Ysyk-Ata District (Ысык-Ата району, Ысык–Атинский район) is one of the eight districts of the Chüy Region in northern Kyrgyzstan with an area of 2415 km2. The district's resident population was 154,340 in 2021. Since 1998, when the former Kant District was merged into Ysyk-Ata District, the administrative center of the district is the city of Kant. The district is located on the southern side of the river Chüy, about halfway between the national capital Bishkek and the former regional capital Tokmok.
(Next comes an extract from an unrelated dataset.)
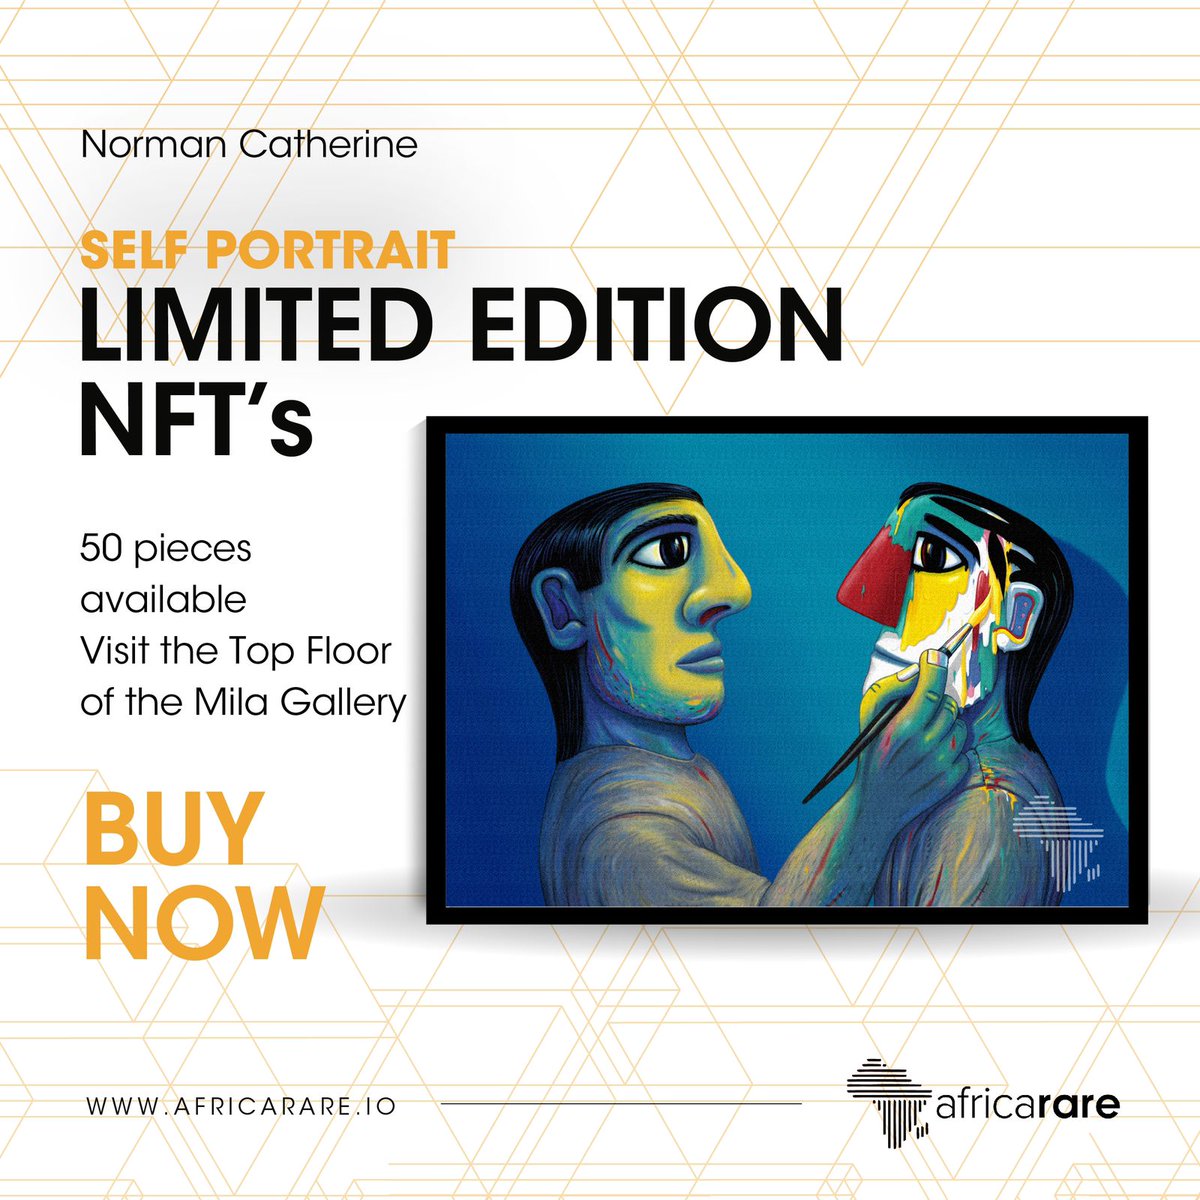 #AD The Norman Catherine 'Self Portrait' NFT is available just for 50 pieces at 0.2ETH, A bargain. Owning this piece will give you OG status, free airdrops & more.Visit the Mila Gallery on africarare.io 
#ubuntuland #metaverse #futureproofAfrica
@AfricarareNft

== Air force base and school ==

In 1941, a Soviet Air Force base and pilot training school were set up in the district. During World War II, 1507 military pilots were trained there. Since 1956, the school trained foreign pilots; among its graduates were both the ex-Egyptian president Hosni Mubarak and the late Syrian president Hafez al-Assad.
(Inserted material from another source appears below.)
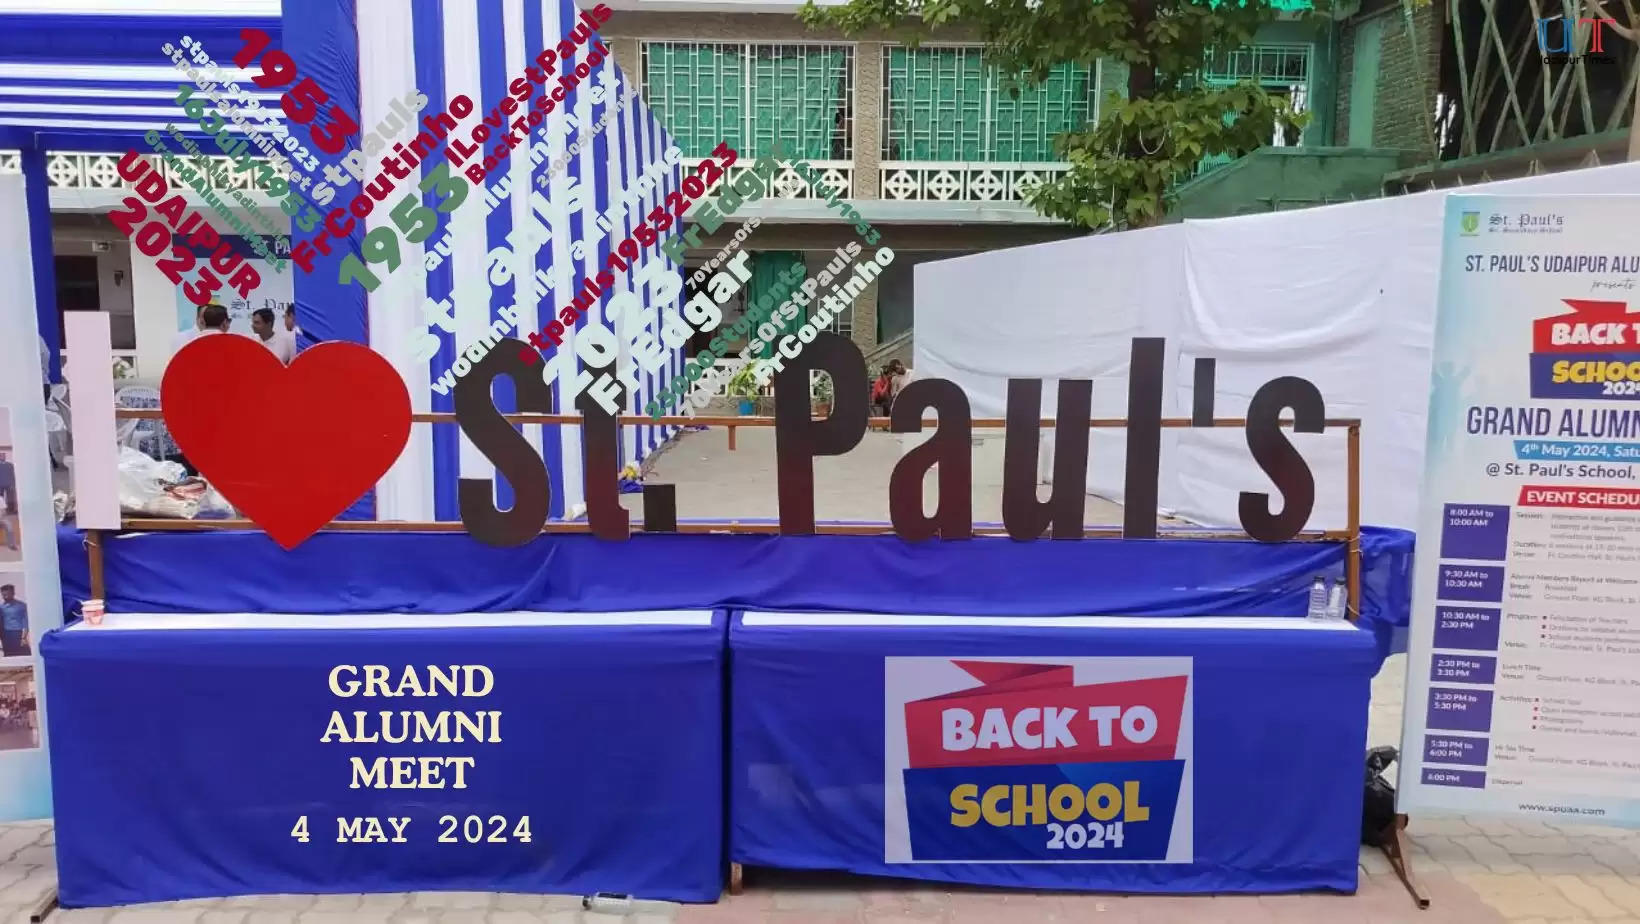 Udaipur St Pauls Alumni Meet Back To School 2024 70 years Batches from St pauls get together for Grand Alumni Meet

In 1992, the air base was transferred to Kyrgyzstan authorities; since 2003 it hosts Russian Air Force units.

== Water erosion ==
The district authorities, as well as the residents of the riverside village of Milyanfan (Милянфан), are concerned with the river Chüy gradually washing away the district's land, as it shifts its course to the south and erodes its left (southern) bank.

==Demographics==
As of 2009, Ysyk-Ata District included 1 town, and 58 villages in 18 rural communities (ayyl aymagy). Its de facto population, according to the Population and Housing Census of 2009, was 131,503, and de jure population 132,759. Some 21,762 people live in urban areas, and 109,741 in rural ones.

===Ethnic composition===
According to the 2009 Census, the ethnic composition of Ysyk-Ata District (de jure population) was:

| Ethnic group | Population | Proportion of Kemin District population |
|---|---|---|
| Kyrgyzs | 62,620 | 47.2% |
| Russians | 28,000 | 21.1% |
| Dungans | 19,223 | 14.5% |
| Turks | 4,699 | 3.5% |
| Uygurs | 4,091 | 3.1% |
| Azerbaijanis | 3,486 | 2.6% |
| Germans | 1,524 | 1.1% |
| Ukrainians | 1,343 | 1.0% |
| Kazakhs | 1,317 | 1.0% |
| Tatars | 1,078 | 0.8% |
| Balkars | 611 | 0.5% |
| Koreans | 588 | 0.4% |
| Tadjiks | 383 | 0.3% |
| Kurds | 349 | 0.3% |
| Karachays | 182 | 0.1% |
| Bulgars | 108 | 0.1% |
| other groups | 950 | 0.7% |

==Populated places==
In total, Ysyk-Ata District includes 1 town and 56 settlements in 18 rural communities (ayyl aymagy). Each rural community can consist of one or several villages. The rural communities and settlements in Ysyk-Ata District are:

1. city Kant
2. Ak-Kuduk (seat: Kirov; incl. Ak-Kuduk, Kotovsky, Birinchi May and Khun Chi (partly))
3. Birdik (seat: Birdik; incl. Khun Chi (partly))
4. Internatsional (seat: Internatsional; incl. Jar-Bashy)
5. Ivanovka (seat: Ivanovka)
6. Jeek (seat: Dmitriyevka; incl. Gagarin and Jeek)
7. Keng-Bulung (seat: Keng-Bulung; incl. Gidrostroitel, Druzhba and Cholpon)
8. Kochkorbaev (seat: Kengesh; incl. Budennovka and Dokturbek Kurmanaliev)
9. Krasnaya Rechka (seat: Krasnaya Rechka)
10. Logvinenko (seat: Novopokrovka (partly); incl. Chong-Daly)
11. Lyuksemburg (seat: Lyuksemburg; incl. Kirshelk)
12. Milyanfan (seat: Milyanfan)
13. Novopokrovka (seat: Novopokrovka (partly); incl. Lenin and Sary-Jon)
14. Nurmanbet (seat: Nurmanbet; incl. Birinchi May and Aliaskar Toktonaliev)
15. Syn-Tash (seat: Telman; incl. Ak-Say, Jetigen, Kyzyl-Aryk, Ötögön, Rot-Front, Sovet and Syn-Tash)
16. Tuz (seat: Tuz; incl. Dayyrbek, Jayalma and Tömönkü Serafimovka)
17. Uzun-Kyr (seat: Jer-Kazar; incl. Druzhba and Tömönkü Norus)
18. Yuryevka (seat: Yuryevka; incl. Ysyk-Ata)
19. Ysyk-Ata (seat: Almaluu; incl. Kebek-Biy, Jogorku-Ichke-Suu, Ichke-Suu, Karagay-Bulak, Norus, Tash-Bashat, Toguz-Bulak and Üch-Emchek)

== Notable people ==

- Kakish Ryskulova - first central asian woman to become a surgeon.